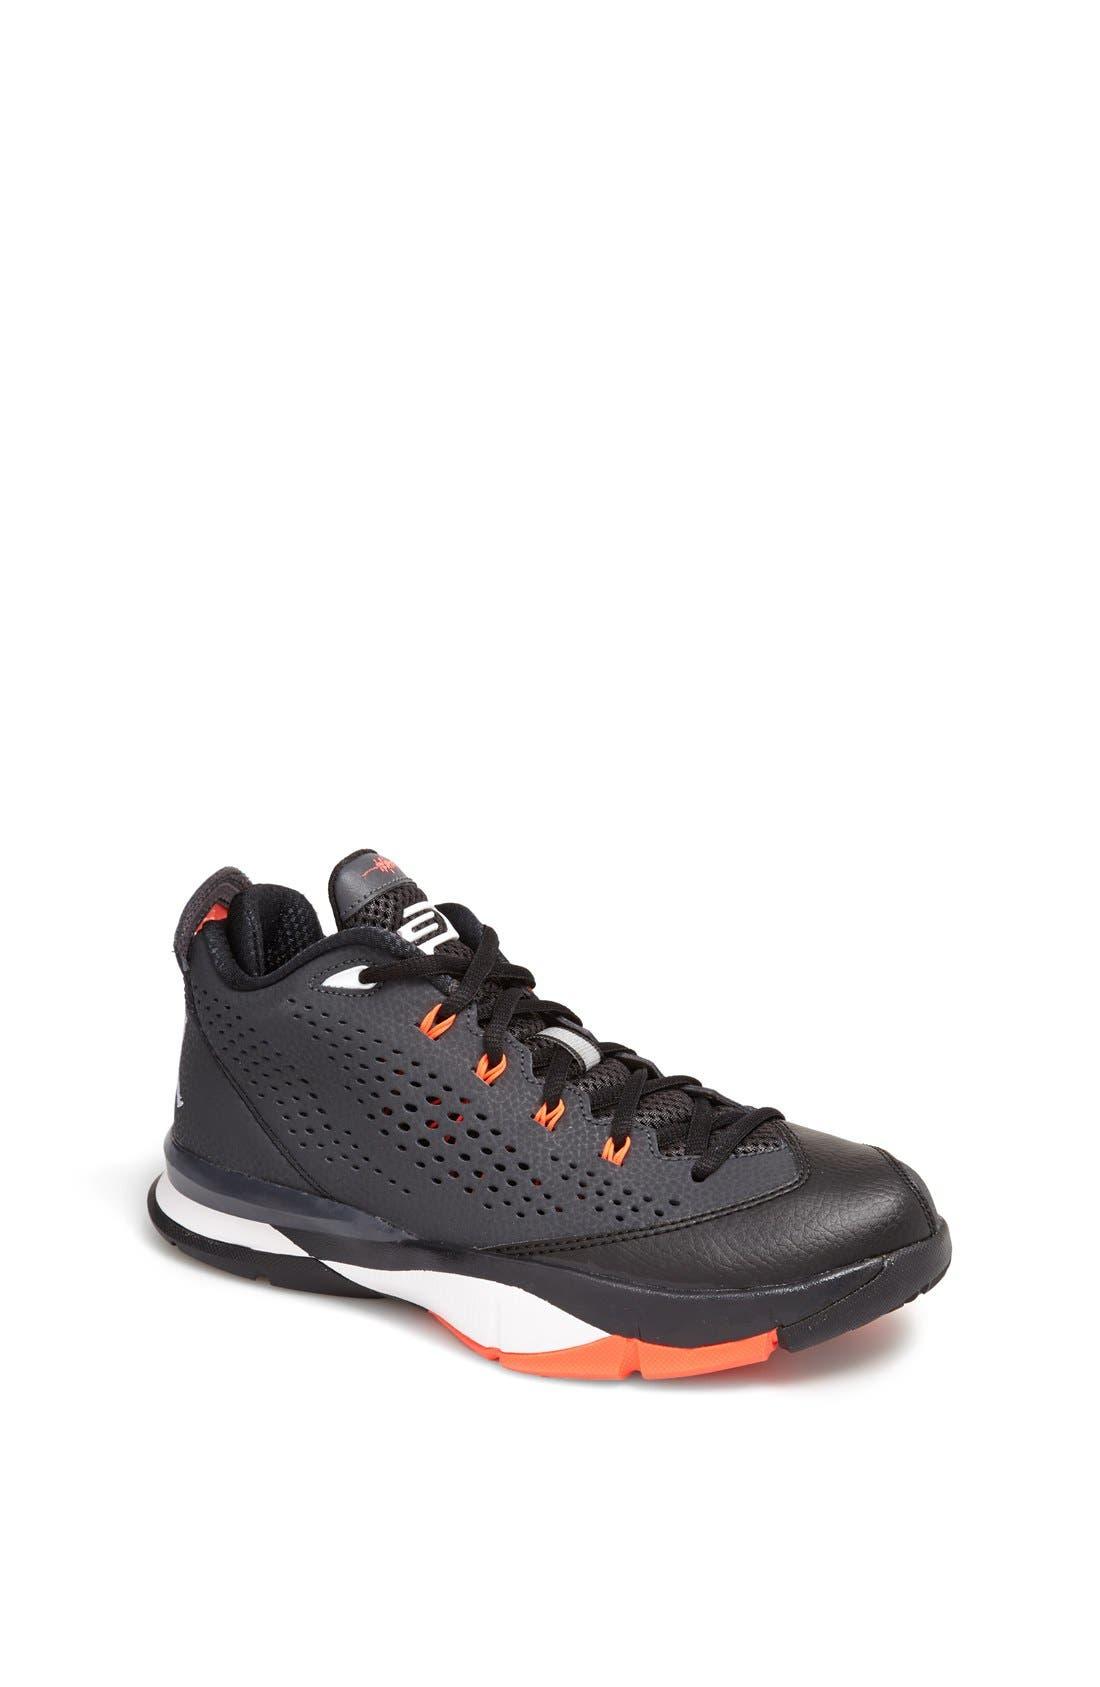 Alternate Image 1 Selected - Nike 'Jordan CP3.VII' Sneaker (Big Kid)
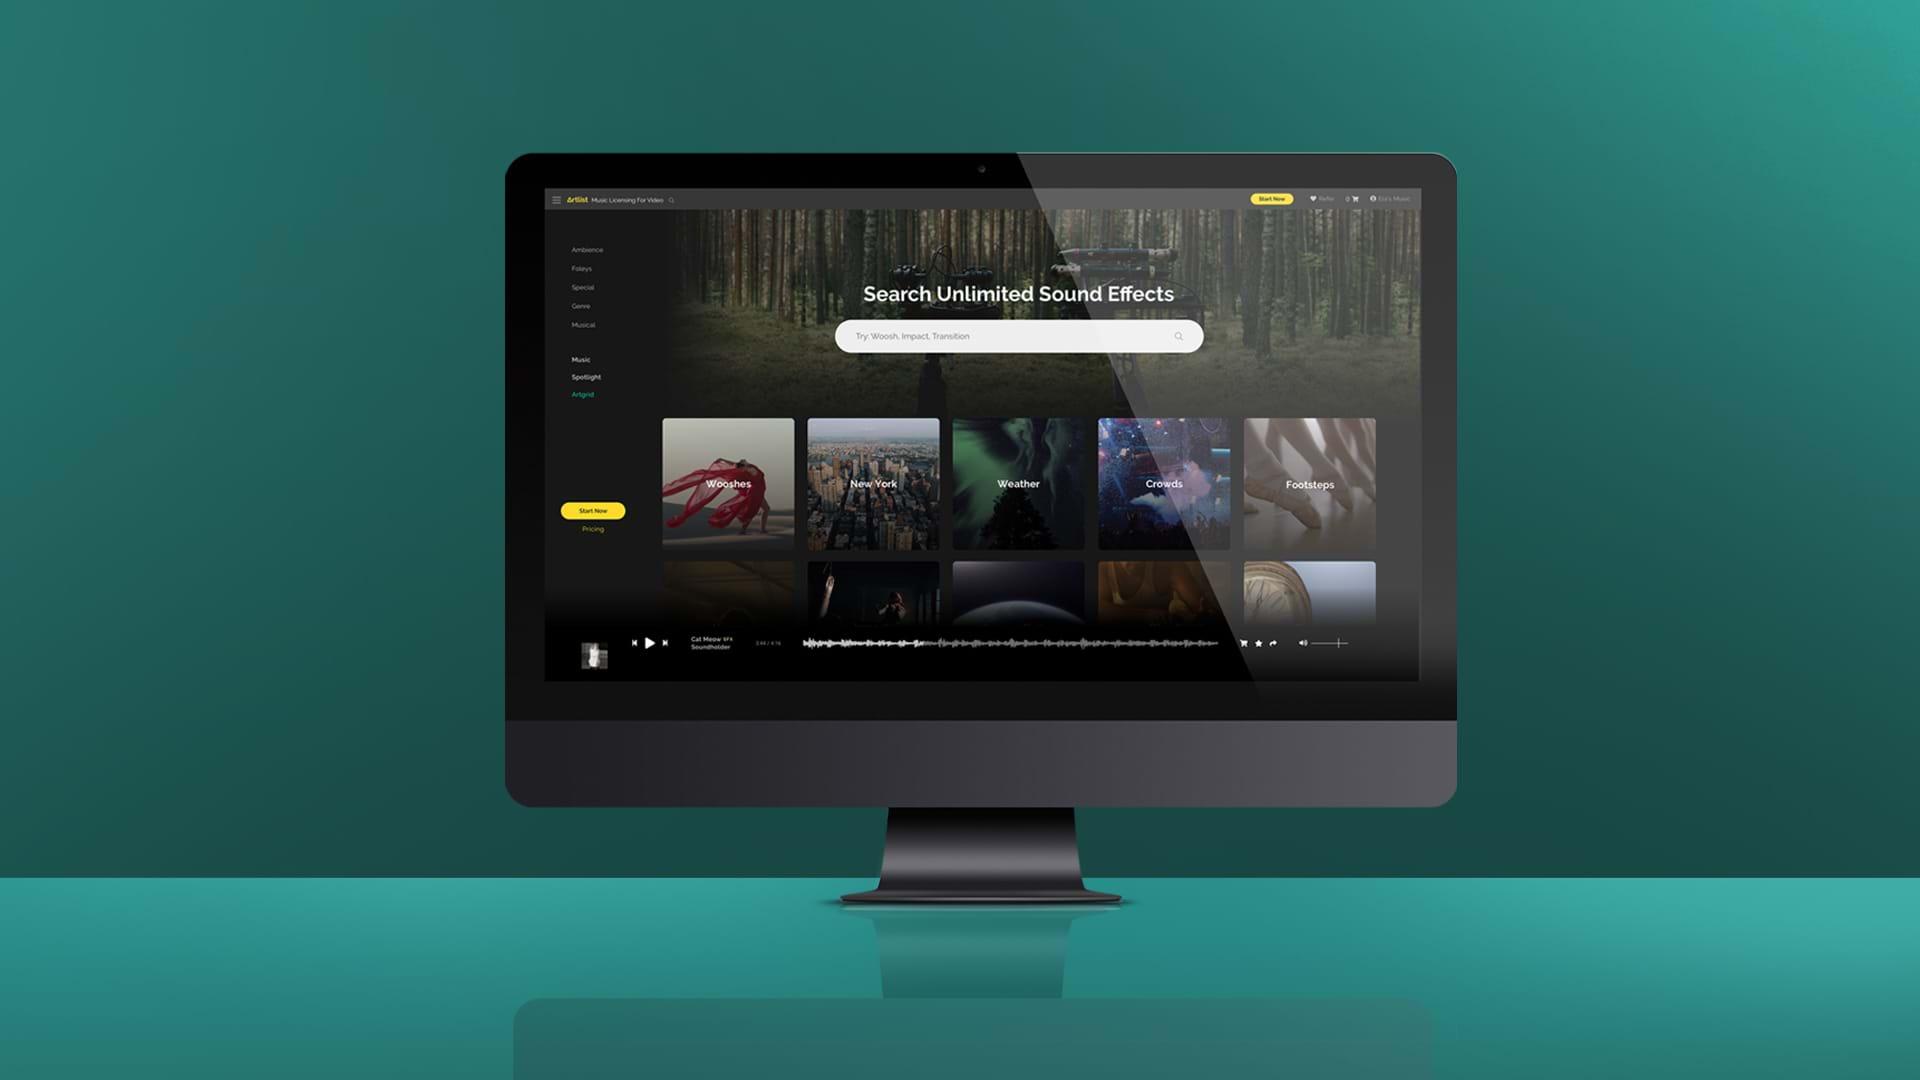 Artlist Launches Anticipated Sound Effects | Artlist
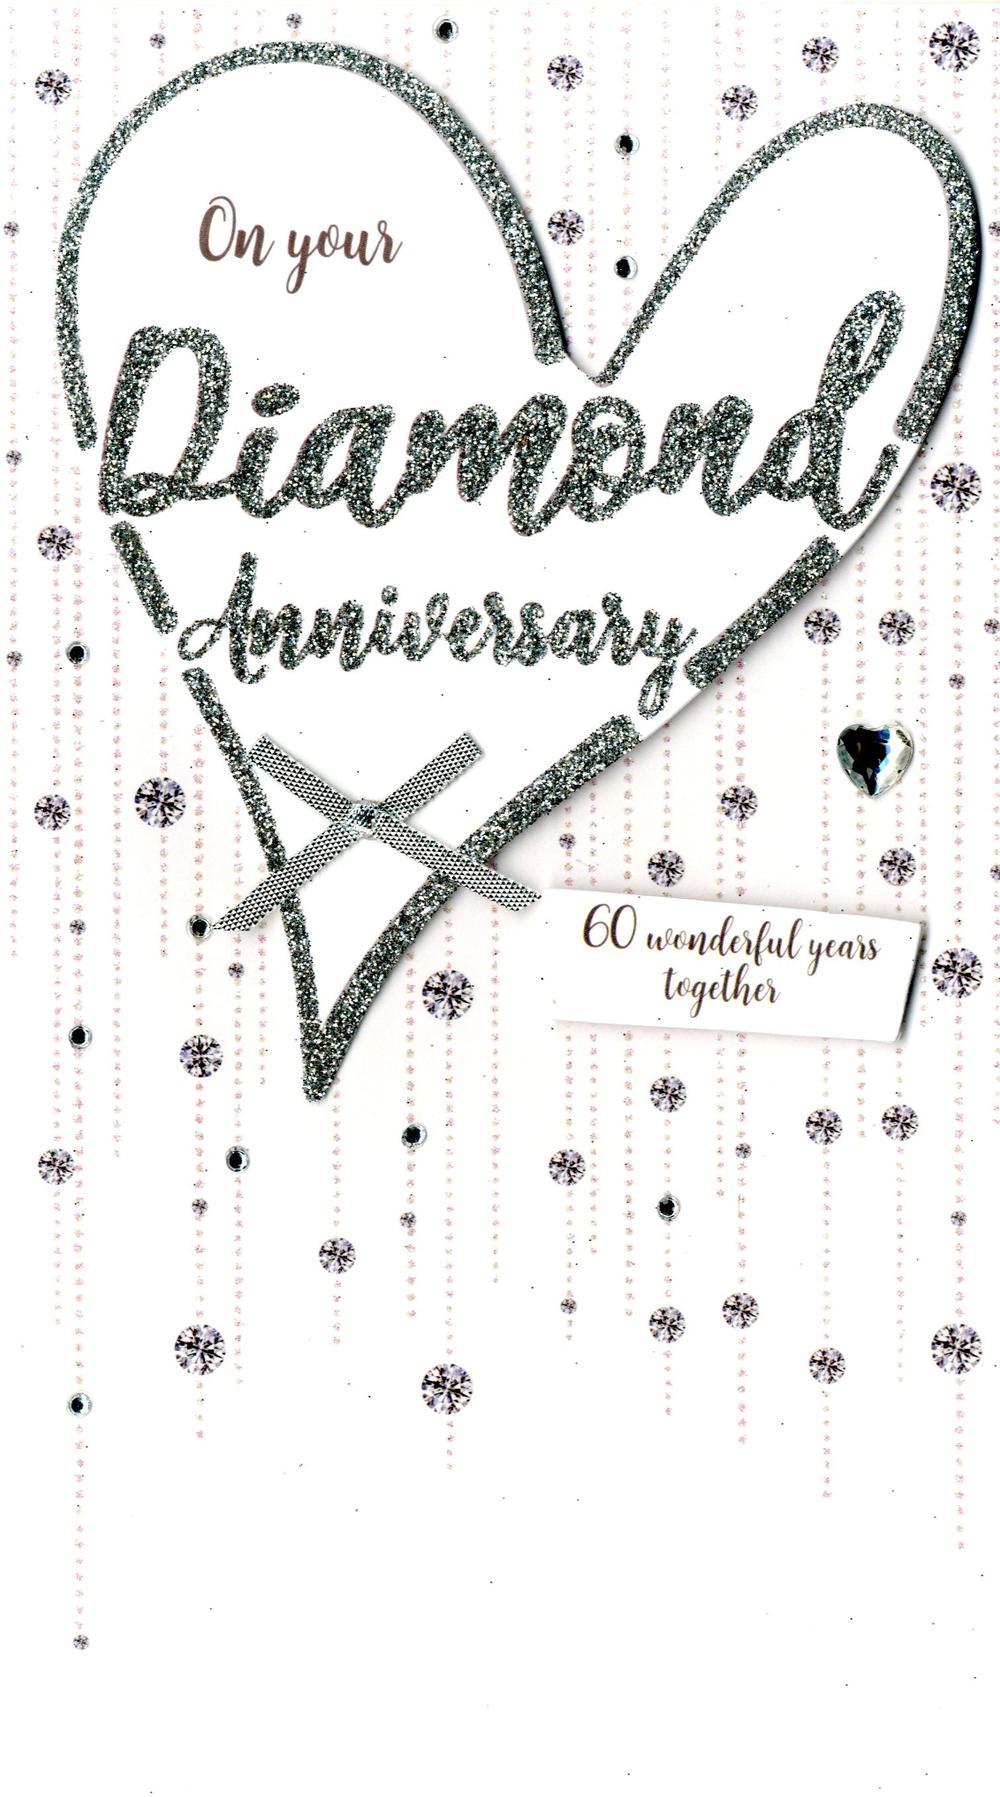 Diamond Anniversary Greeting Card Hand-Finished
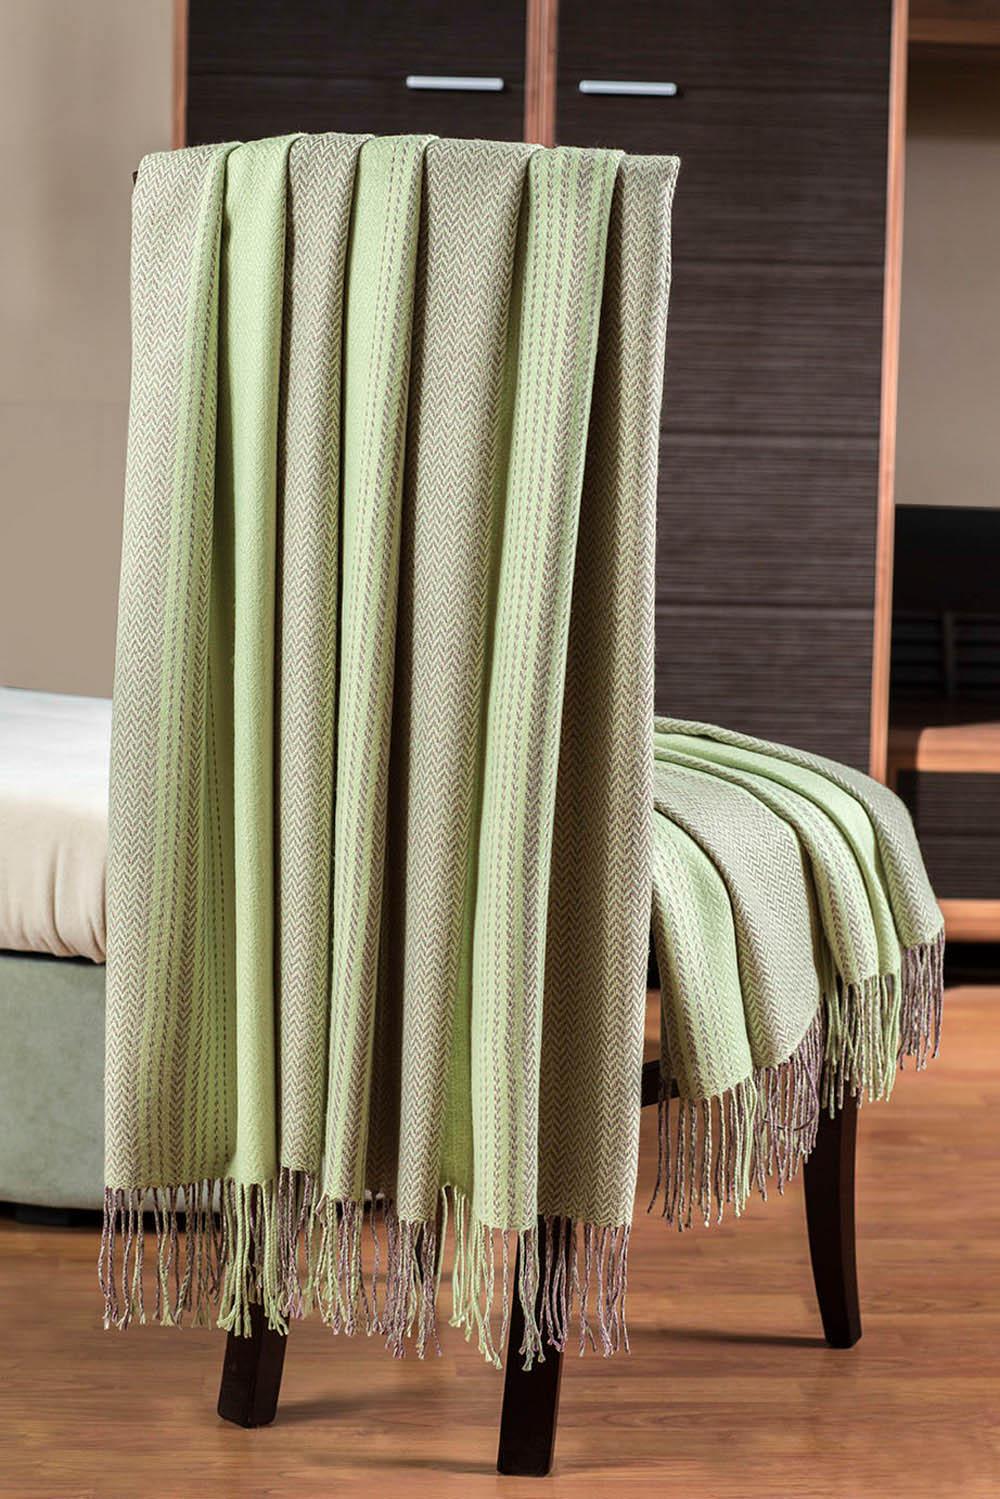 Плед Primavelle Плед Bamboo Цвет: Светло-Зеленый (140x180 см) primavelle bamboo

WHAT THIS TASK INVOLVES ▸
Starting with the line that holds "Diamond Anniversary Greeting", retype each line through the last one in the listing above, exactly as written. Do not copy any pictures.

TASK ANSWER ▸
 Diamond Anniversary Greeting Card Hand-Finished
 Плед Primavelle Плед Bamboo Цвет: Светло-Зеленый (140x180 см) primavelle bamboo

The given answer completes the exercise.